Perplexity quantifies the “surprise” or uncertainty of a language model when predicting the next word. A lower perplexity indicates that the model is more confident in its predictions, while a higher perplexity means the model is more “perplexed” or uncertain.Mathematically, perplexity is defined as the exponentiated average negative log-likelihood of a sequence.
Limitations:
- It does not capture the semantic quality or diversity of generated text.
- Models with similar perplexity can produce vastly different outputs.
- Perplexity only measures the difference between the model’s distribution and the ground truth, not the actual quality of the predictions.
perplexity = evaluate.load("perplexity", module_type="metric")
input_texts = ["Thank you for reaching out to discuss your ", "concerns"]

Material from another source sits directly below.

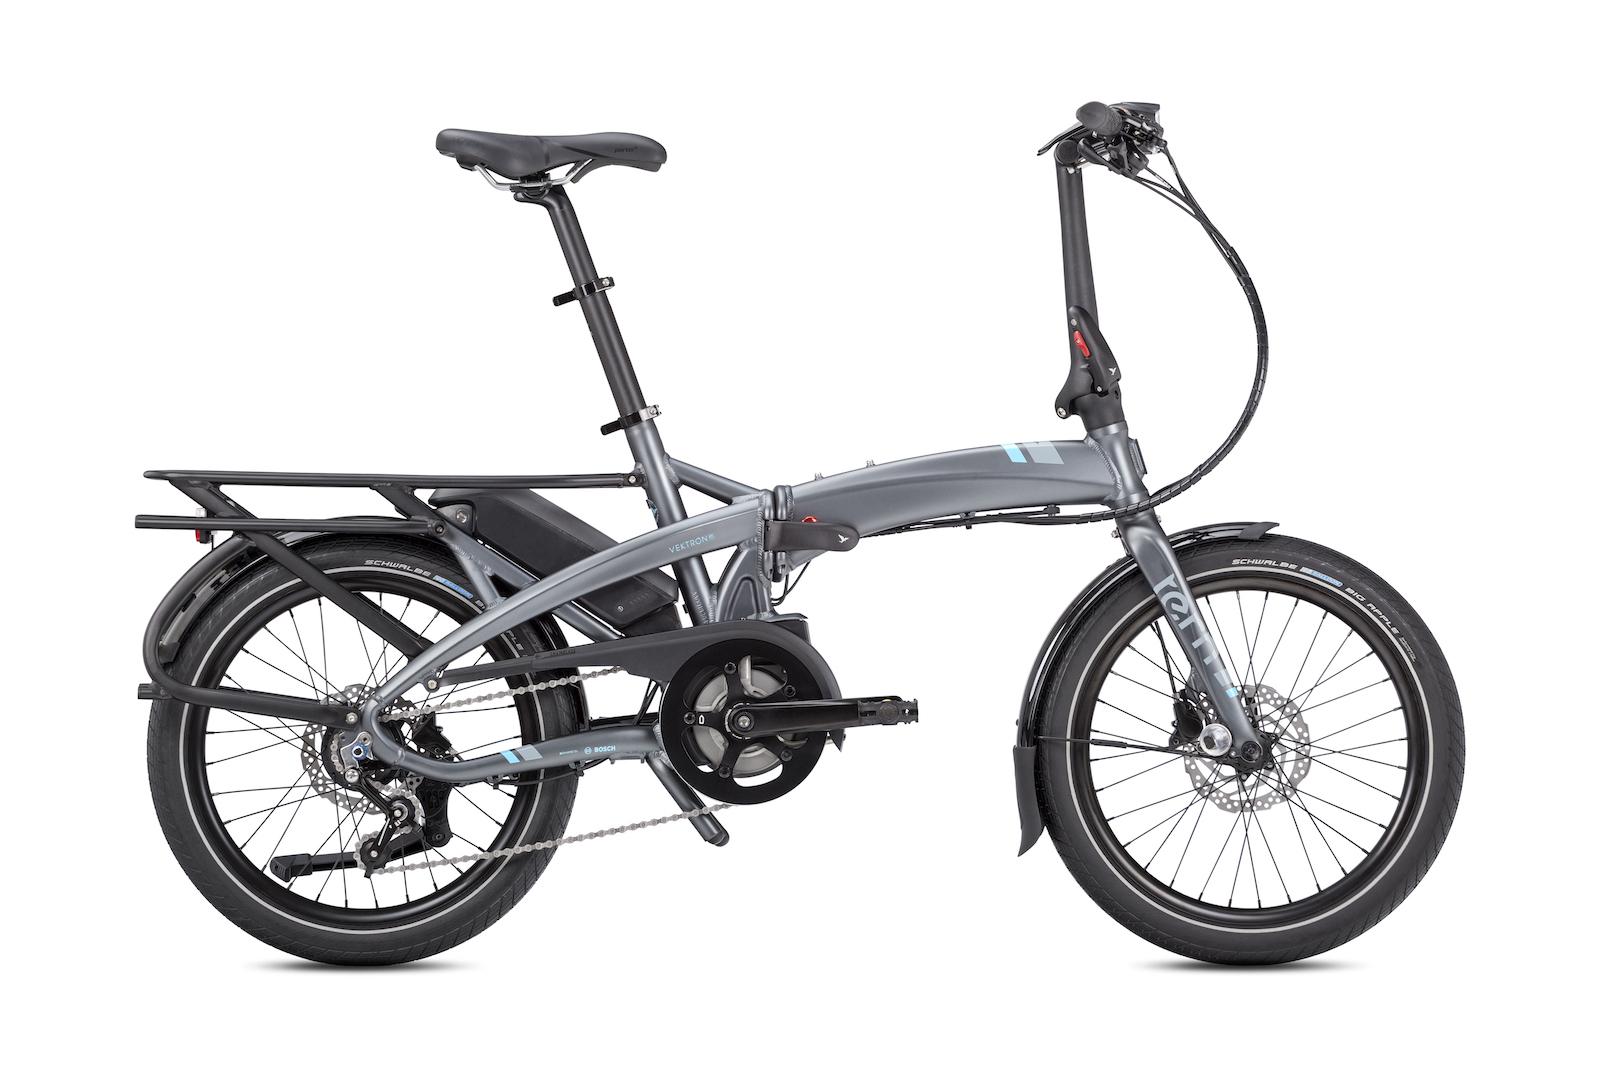 Tern Upgrades Vektron Folding eBike Line - Bike Hugger

results = perplexity.compute(model_id='gpt2', add_start_token=False,
predictions=input_texts)
print(results)
# {'perplexities': [145.87115478515625, 14432.1455078125], 'mean_perplexity': 7289.008331298828}
Human Evaluation: While automated metrics provide scalability, human judgments remain the gold standard for evaluating context understanding and relevance. Human evaluators can better assess subtleties like humor, sarcasm, and cultural relevance. However, this is not an ideal option for implementing at large scale projects.
Conclusion
Hence, in this article, widely used LLM metrics are discussed. However, State-of-the-art large language models (LLMs) are evaluated using a comprehensive set of metrics and benchmarks that assess their performance across various dimensions.